Recent Studies Expose Dangers in Chronic Sleep Deprivation

 

ABC News, March 30, 2004

Tens of millions of Americans suffer from a condition that until recently, most health professionals did not take seriously. It can accelerate the aging process, lead to obesity and increase the risk of some diseases. It's garden-variety sleep deprivation and it might be more of a problem than you think.

Upsets Blood Sugar

Dr. Eve Van Cauter is a sleep science trailblazer whose research team at the University of Chicago recently published the first study to specifically examine the physical health impact of ordinary sleep deprivation. She calls the impact of sleep debt on the body, "astonishing."

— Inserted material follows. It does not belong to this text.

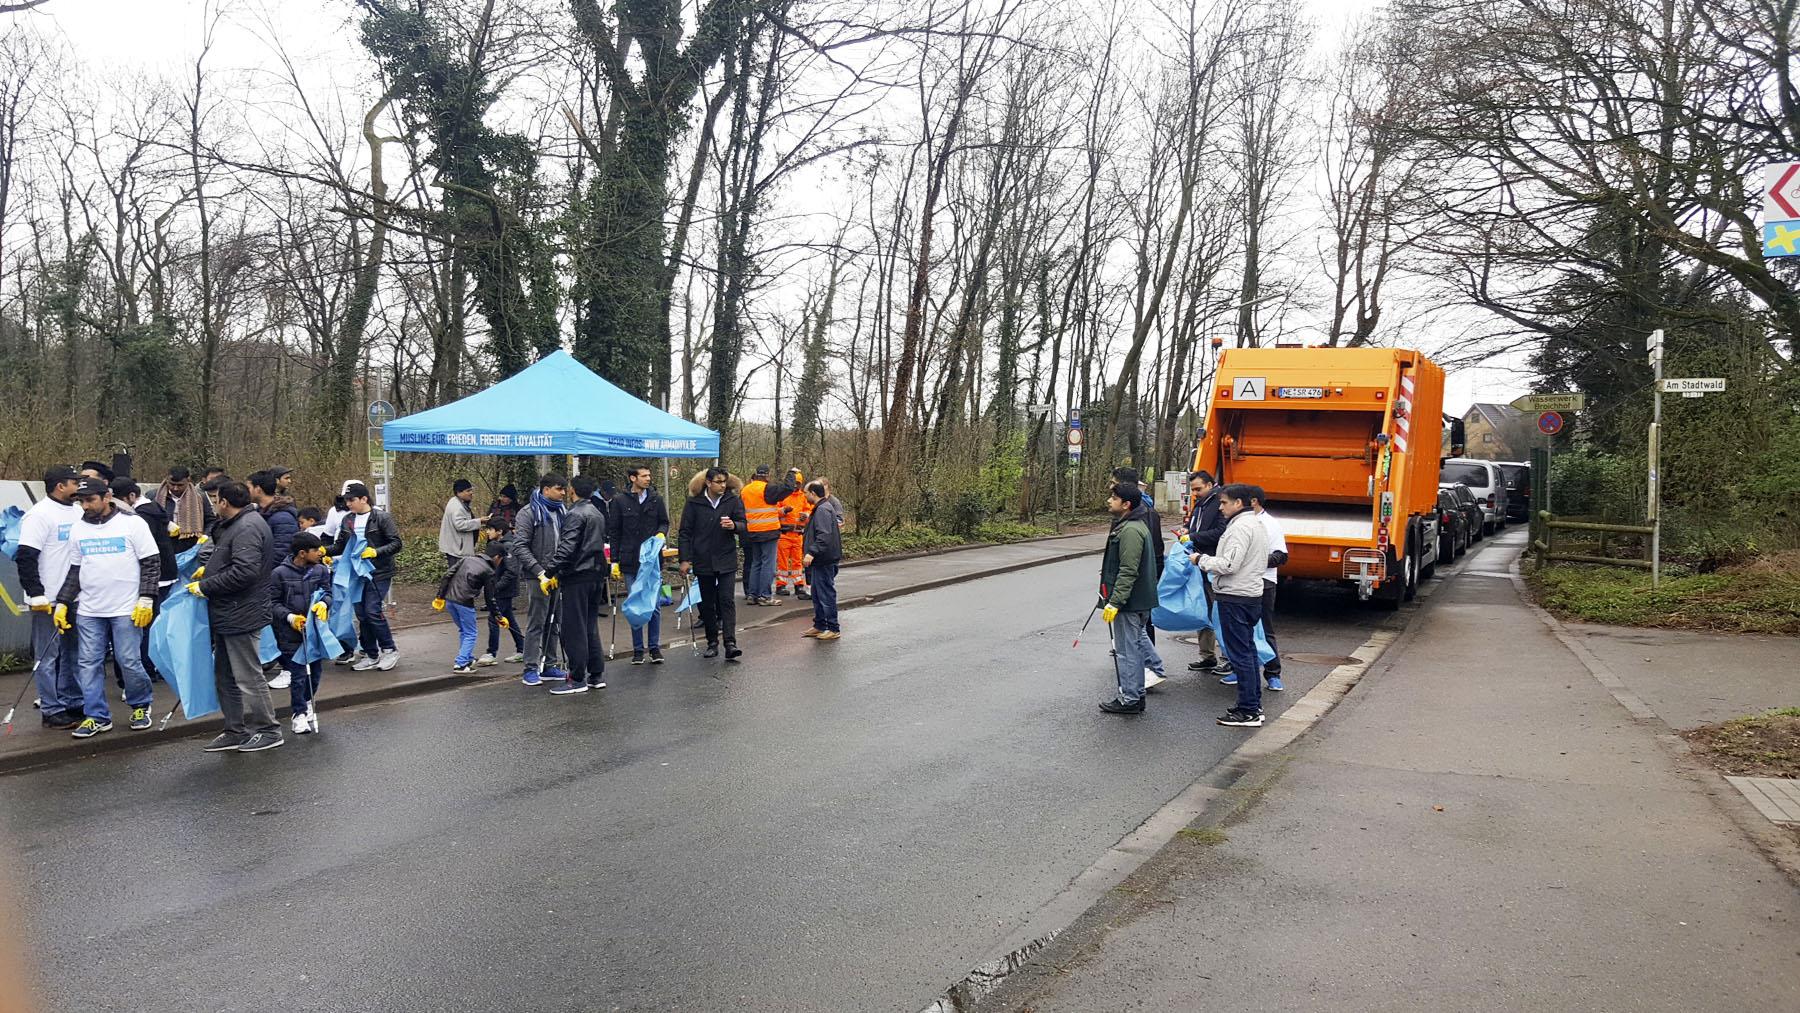 Müll Neuss teilnahme an müll weg aktion der stadt neuss ahmadiyya muslim
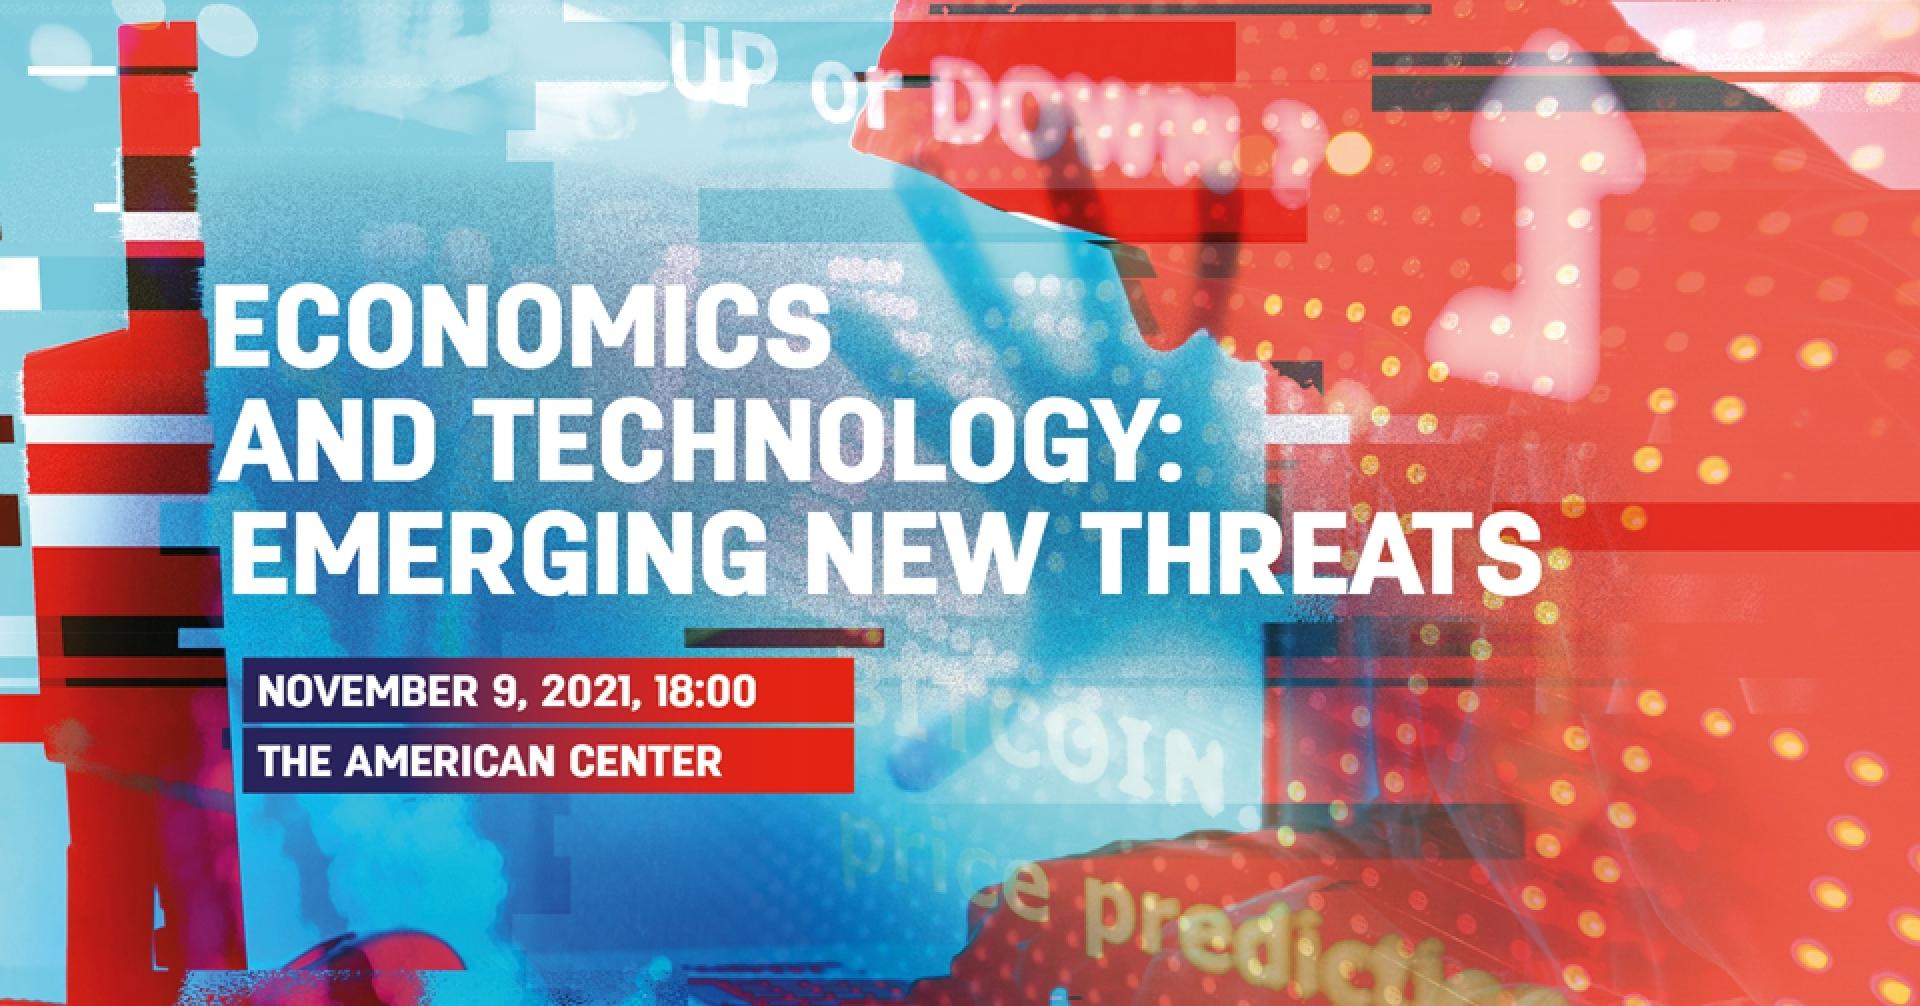 9348_pssi-economics-and-technology-emerging-new-threats-v-960x503

After four hours of sleep for six consecutive nights, healthy young men had blood test results that nearly matched those of diabetics. Their ability to process blood sugar was reduced by 30 percent, they had a huge drop in their insulin response, and they had elevated levels of a stress hormone called cortisol, which can lead to hypertension and memory impairment.

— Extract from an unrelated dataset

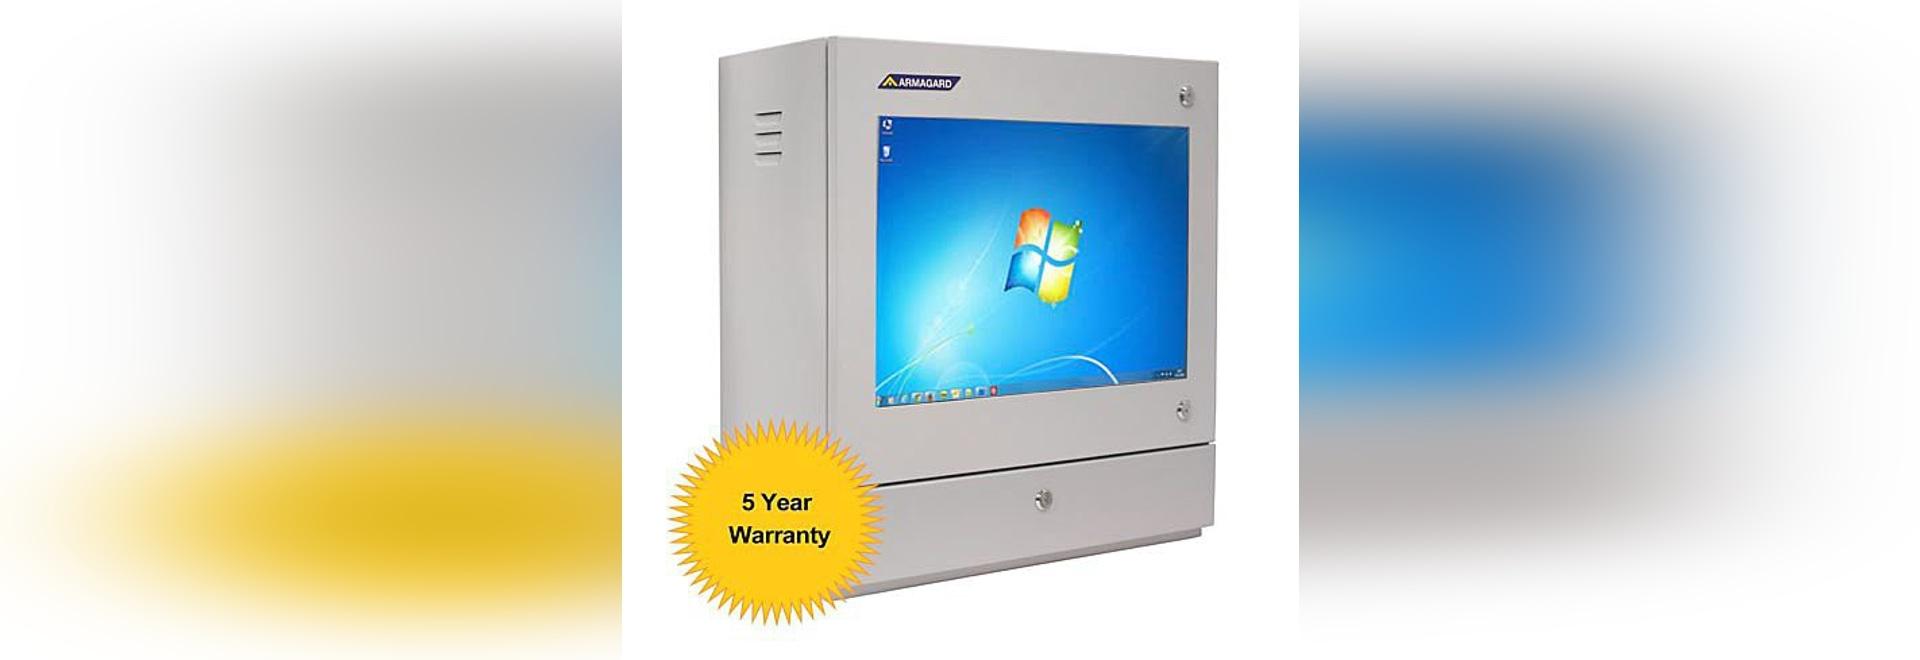 PENC-400 Widescreen PC Enclosure – Saving You Money on IT Equipment Repair

"We had results that were more compatible with individuals 60-years-old than with young, fit men in their early '20s," Van Cauter explains.

Perhaps equally incredible is that until Van Cauter's study, most scientists believed that sleep debt did not cause any significant physical problems. "The concept that sleep is for the mind not the body prevailed and so no one was really looking at the possibility that sleep loss has an impact on health,"Van Cauter says.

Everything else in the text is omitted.